It was on Wednesday night when a delicious wrap of 223 calories went missing from the kitchen table. The burrito, of greens and beans, had been prepped for a simple dinner. Having not eaten the entire day, I was looking forward to savouring it. But just before I sank my teeth into its glorious flesh, the house phone rang. Briefly leaving to attend a common case of ‘wrong number’, I returned in horror to find my wrap missing. Who had eaten it? There were only two suspects.

The first was Mr Ridley. Mr Ridley wore fake moustaches, as he was very fond of playing detective. He had an unrepressed love for mystery novels. And I wouldn’t be surprise if he created a crime just to solve it.

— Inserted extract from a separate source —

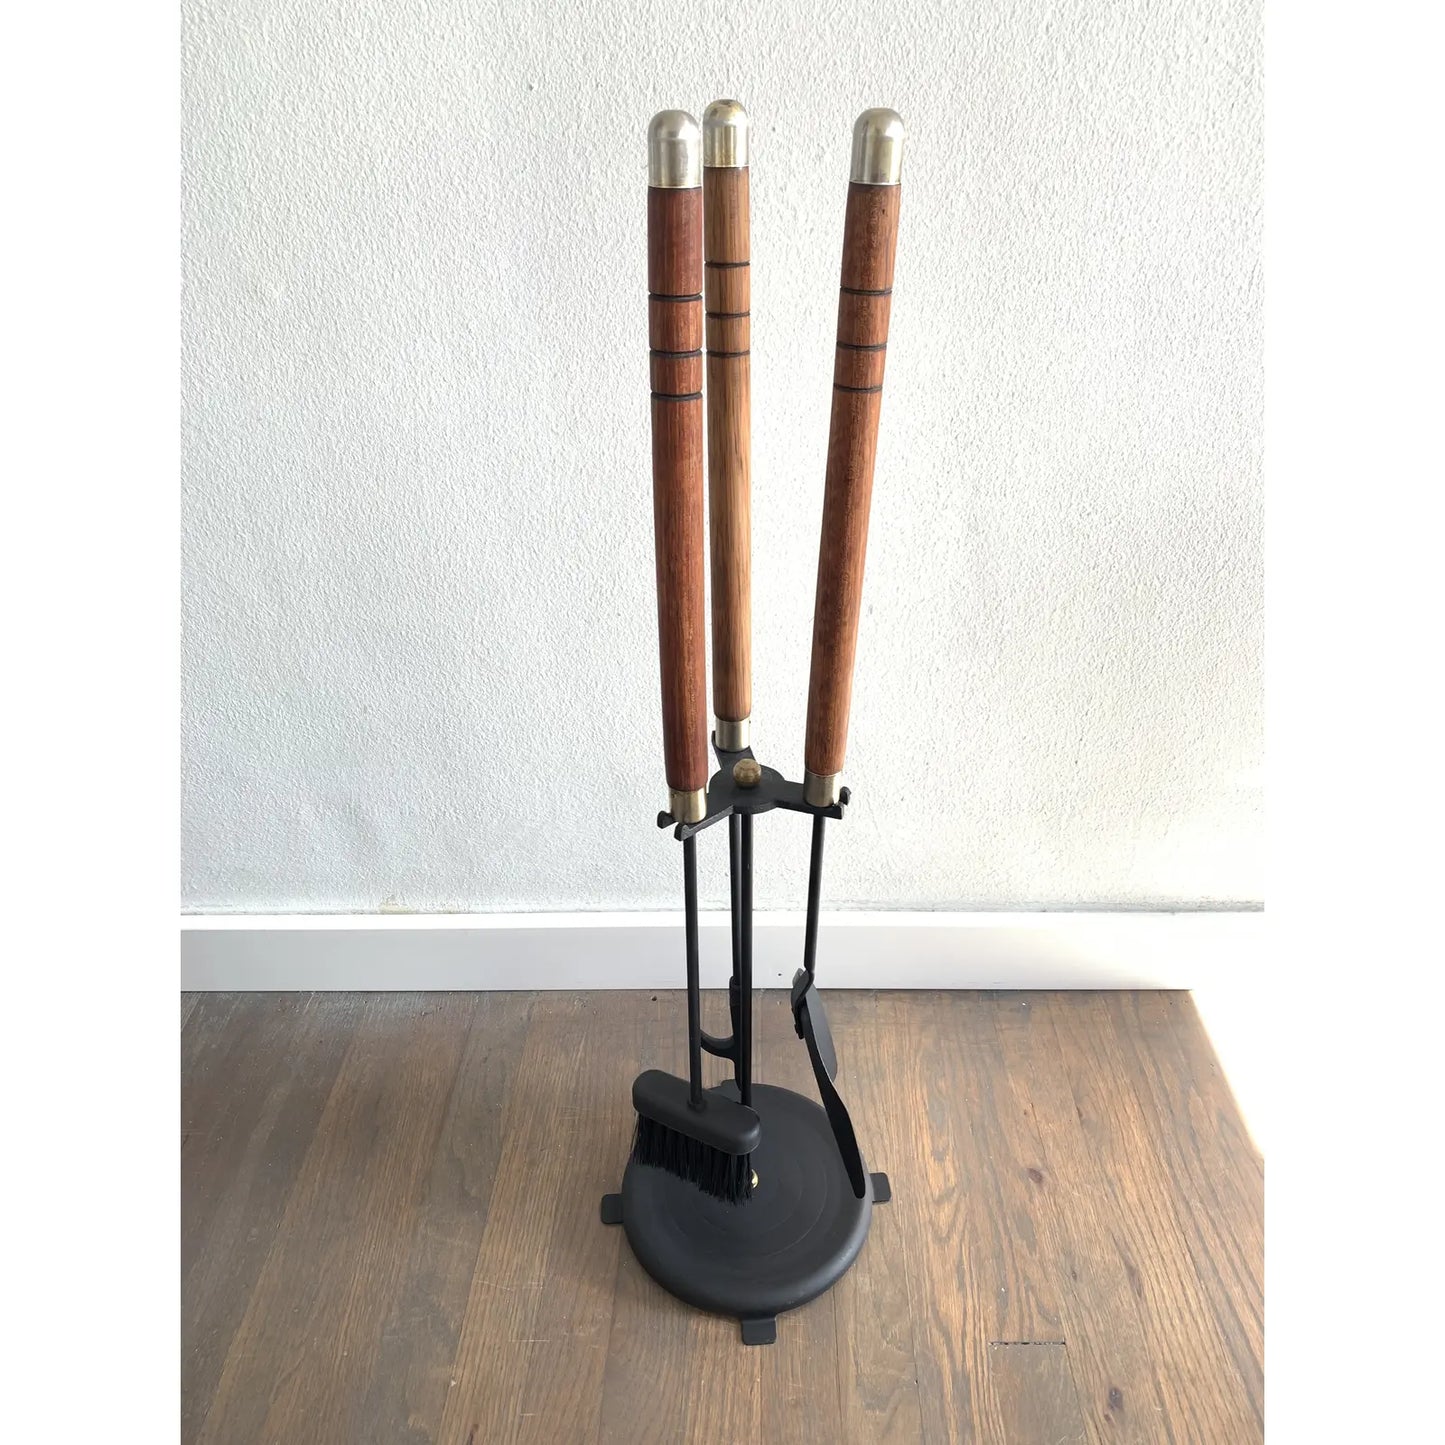 Mid-Century Modern Long Teak and Brass Handled Fireplace Tool Set - 4 Pieces
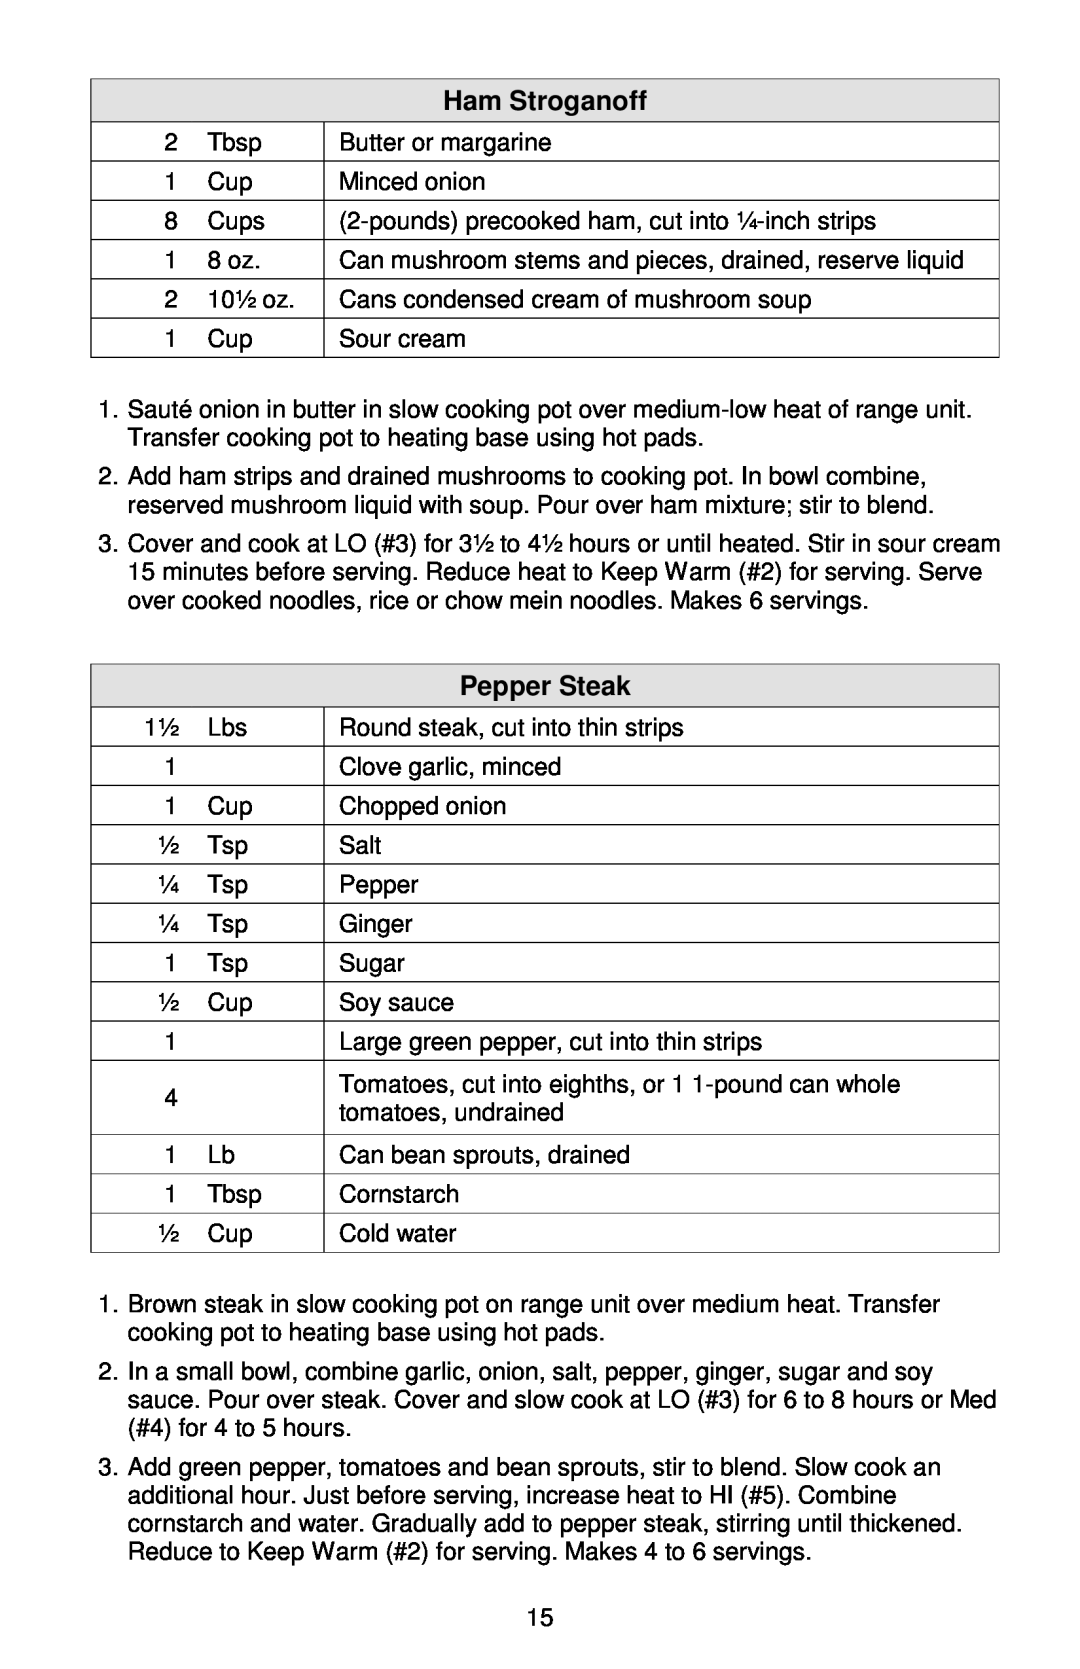 West Bend Cookers instruction manual Ham Stroganoff, Pepper Steak

Minutes before the incident, Mr Ridley was in the hall. A stone throw away from the kitchen, Mr Ridley saw me assembling the masterpiece. When the phone rang, the 46-inch television was playing a rerun of Sherlock. It seemingly grasped all of Mr Ridley’s attention, as he wouldn’t leave his seat to answer the call on my behalf. However, his oblivion of the monotonous ring was suspicious. I toyed with the possibility he feigned ignorance to steal my meal. So, I questioned him.

“Did you eat my burrito?” I asked.

“No,” Mr Ridley replied.

“You could’ve asked me to make you one, if you were hungry. You didn’t have to steal it.”

“Why would I steal your burrito? I don’t even like burritos.”

“That’s the thing – why would you steal, when you don’t like them?”

“Exactly. Why would I?”

“Then who ate my burrito?”

“I don’t know.”

“There was no one else at the scene of the crime.”

“You could’ve misplaced it.”

“I didn’t.”

“Well, it wasn’t me. But if you want me to help solve the case-”

“It was you, wasn’t it? Give me back my burrito.”

“I don’t have it. I never did.” Mr Ridley shrugged.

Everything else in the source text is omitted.